と言う声を最後に、セル先生の姿は見えなくなった。


「……」


「……」


沈黙。


「むぅちゃん!!」


「むぅちゃんじゃないよプリンのバカ!!」


 ガーン、という効果音が似合いそうなプリンに、ミントは素早く突っ込みを入れた。


「ば―…」


「なんで"死神"って答えるのさ?! 嘘だと思われるに決まってるじゃん!!」


「……む……ごめん……」


何か言い返そうとしたけれど、そう言われて素直に謝るプリン。


「ああ、もう、ボウルの中身は濃硫酸だし!! よく無事だなボウル!!」


身に覚えのない罪を着せられ、行き場のない怒りをボウルにぶつけるミント。


「……」


怒っているミントの隣でしょんぼりするプリン。


「――!」


そんな彼に気付き、ハッと我に返ったミントは、


「ご、ごめん、プリン。オレ、酷いこと言って……」


慌てて彼に誤った。


「ううむ。
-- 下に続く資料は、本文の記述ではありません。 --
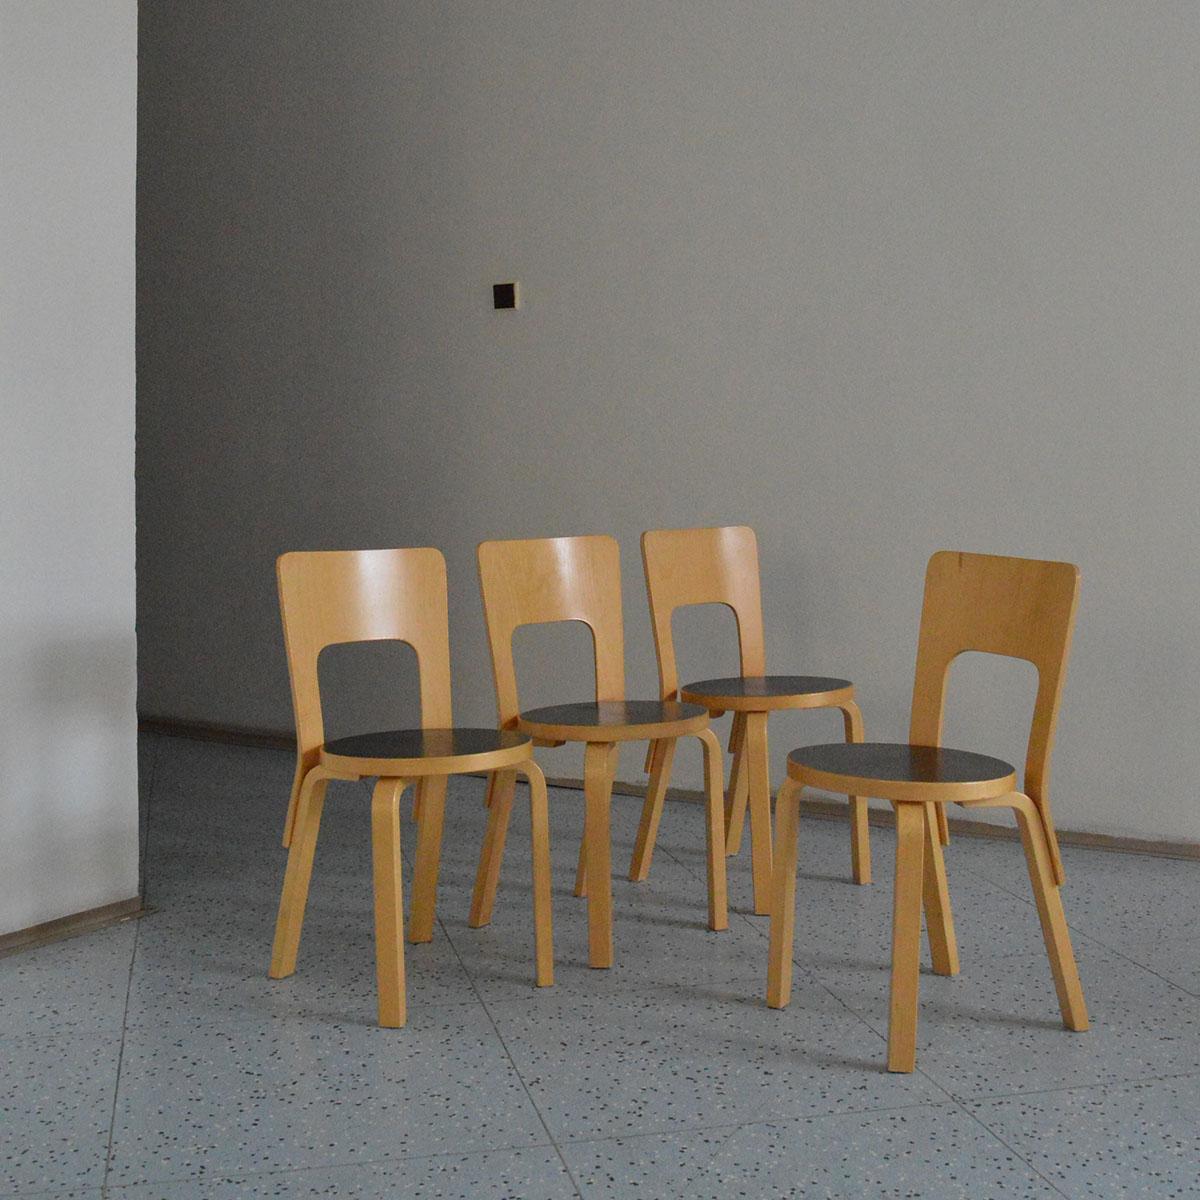 Ensemble de quatre chaises à manger en bouleau, modèle 66, conçu par Alvar Aalto et fabriqué par Artek en Finlande, années 1980. 

Ces chaises font partie de la série iconique 66 Chair conçue par le célèbre architecte et designer finlandais Alvar

大丈夫」


気まずそうなミントに、プリンはふるふると首を横に振ると、


「すべては死神のせいだ」


と言った。


「だあよおねえええ?!」


心から同意するミント。


「あんな不味いカレー食わせた上にこんな罰則喰らって……」


「おまけにむぅちゃんがいなくなって……」


そう呟いた後、二人は同時にバックに怒りの炎を燃え上がらせた。


「「死神め……!!」」


 二人がメラメラと燃えていると、


「? あれー? ミントとプリンー?」


「こんな所で何してんだァ?」


そこにココアとポトフがやって来た。


「……」


「……」


「え? な、何?」


ミントとプリンにじっと目を向けられ、思わず一歩下がるポトフ。


「……あー、そう言えば今日は午後からブドウに料理教えてあげるんだったっけー!」


すると、ココアはわざとらしく手をポンと叩き、


「じゃ! ポトフ、また明日ねー!」


大きく手を振って爽やかに去っていった。


「え!? ちょっ、ココアちゃん?!」


慌てて彼女のことを追おうとしたポトフを、


「……」


「……」


ミントとプリンの無言の視線が引き止めた。


「っああ、もォ!! 分かったよ、俺もやればいいんだろォ?!」


ミントとプリンの無言の訴えを読み取ったポトフは、彼らと同じようにボウルを頭に乗せたとさ。